Ich sage es hier noch einmal: Das wirksamste Mittel, neue ethnische Konflikte zu vermeiden, ist garantiert die Wiederaufbauhilfe, mit der man die Menschen mit menschenwürdigen Behausungen und Arbeitsstätten versorgen kann.

An dieser Stelle, glaube ich, muß ich auch an alle appellieren, nicht leichtfertig und aus Unkenntnis der Realität zu sagen, die Flüchtlinge sollen zurückgehen und ihr Land aufbauen, so wie wir unser Land aufgebaut haben. Denn wohin sollen sie gehen? – Dorthin, von wo sie vertrieben wurden, wo ihre Angehörigen niedergemetzelt, ihre Häuser verwüstet wurden und ihre armseligen Felder vermint sind? Oder sollen sie in die Städte gehen, wo für die, die dort überlebt haben, die Fenster ohne Glas sind, das Gas für Kochzwecke über Gartenschläuche durch Granateneinschußlöcher in die Wohnungen geleitet wird, wo es nur stundenweise Wasser und Strom gibt, von Heizmöglichkeiten für den Winter gar nicht zu reden, wo die Produktionsstätten demoliert sind, die Schulen und Kindergärten verwüstet, die Krankenhäuser zerbombt und die Parks Friedhöfe wurden?

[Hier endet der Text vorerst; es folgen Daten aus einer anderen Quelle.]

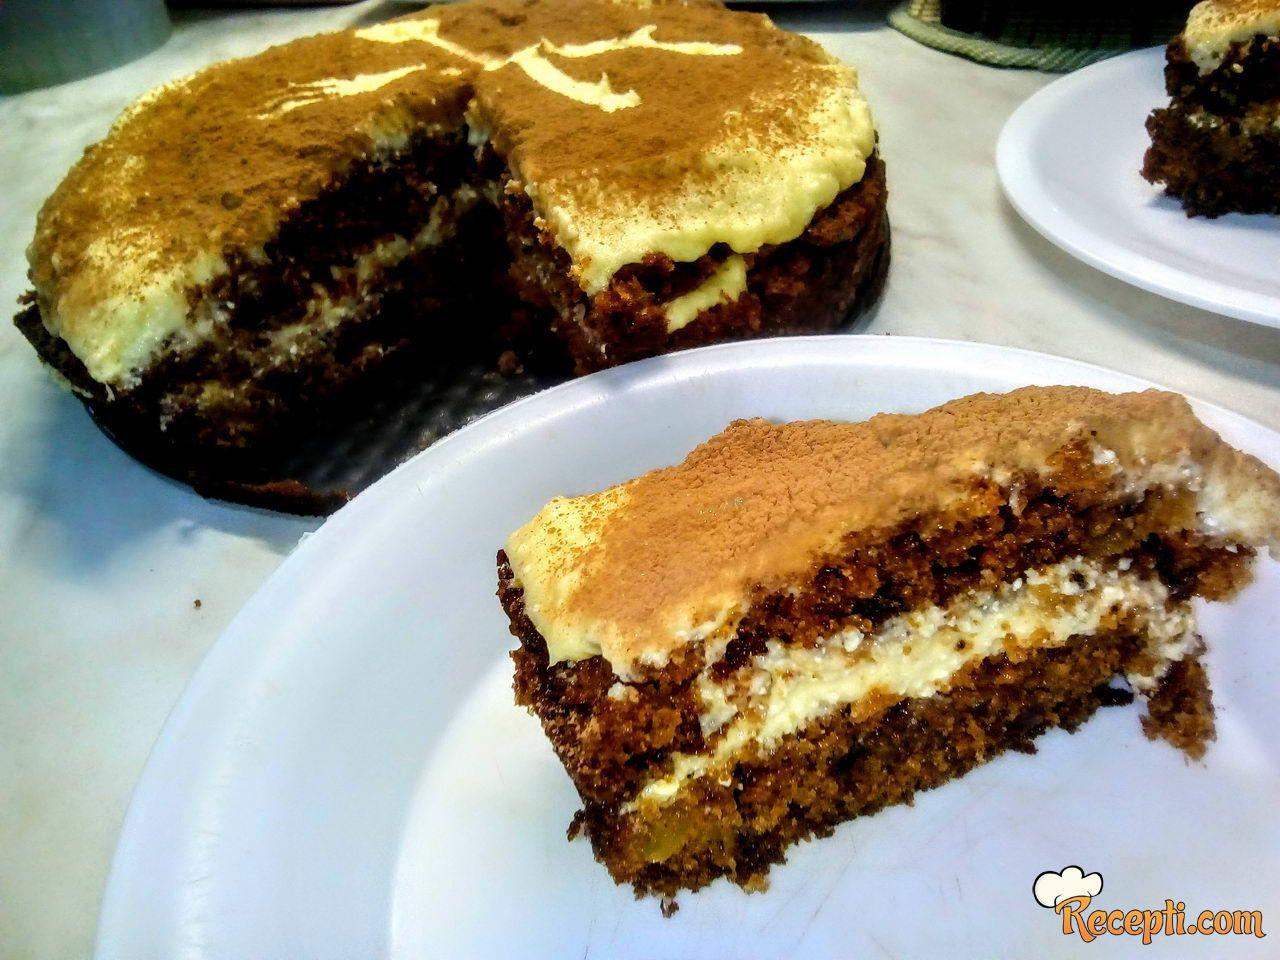 Torta sa šargarepom i ananasom & Carrot and pineapple cake

Meine Damen und Herren! Helfen, helfen, helfen – das ist das Gebot, durchaus noch für lange Zeit. Daß das auch Hilfe zur Selbsthilfe sein muß, versteht sich, glaube ich, von selbst. Ideen gibt es genug, jede Kleinlichkeit würde letztendlich den Friedensprozeß verzögern, daher ist Kleinlichkeit bei der Hilfe abzulehnen.

Gestatten Sie mir aber noch ein wirklich bewunderndes Lob für unsere IFOR-Soldaten. Ich hatte die Gelegenheit, sie zu besuchen, und kann Ihnen sagen, daß sie die an sie gestellten Aufgaben hervorragend erfüllen, aber sie tun darüber hinaus noch viel mehr. Sie sind keine bessere Spedition, wie es schon manchmal zu hören war, sondern Botschafter des Friedens. Sie bauen Straßen und Brücken, und etwas, was mich besonders berührt hat und worauf wir, glaube ich, sehr stolz sein können, ist, daß sie in ihrer Freizeit eine Schule in Visoko wieder aufbauen. (Beifall bei SPÖ und ÖVP.)

Zur Zeit meines Besuches war diese Schule knapp vor der Eröffnung, und ich bin mir sicher, heute ist dort schon Kinderlachen zu hören. So, meine Damen und Herren, wird Frieden geschaffen und auch erhalten.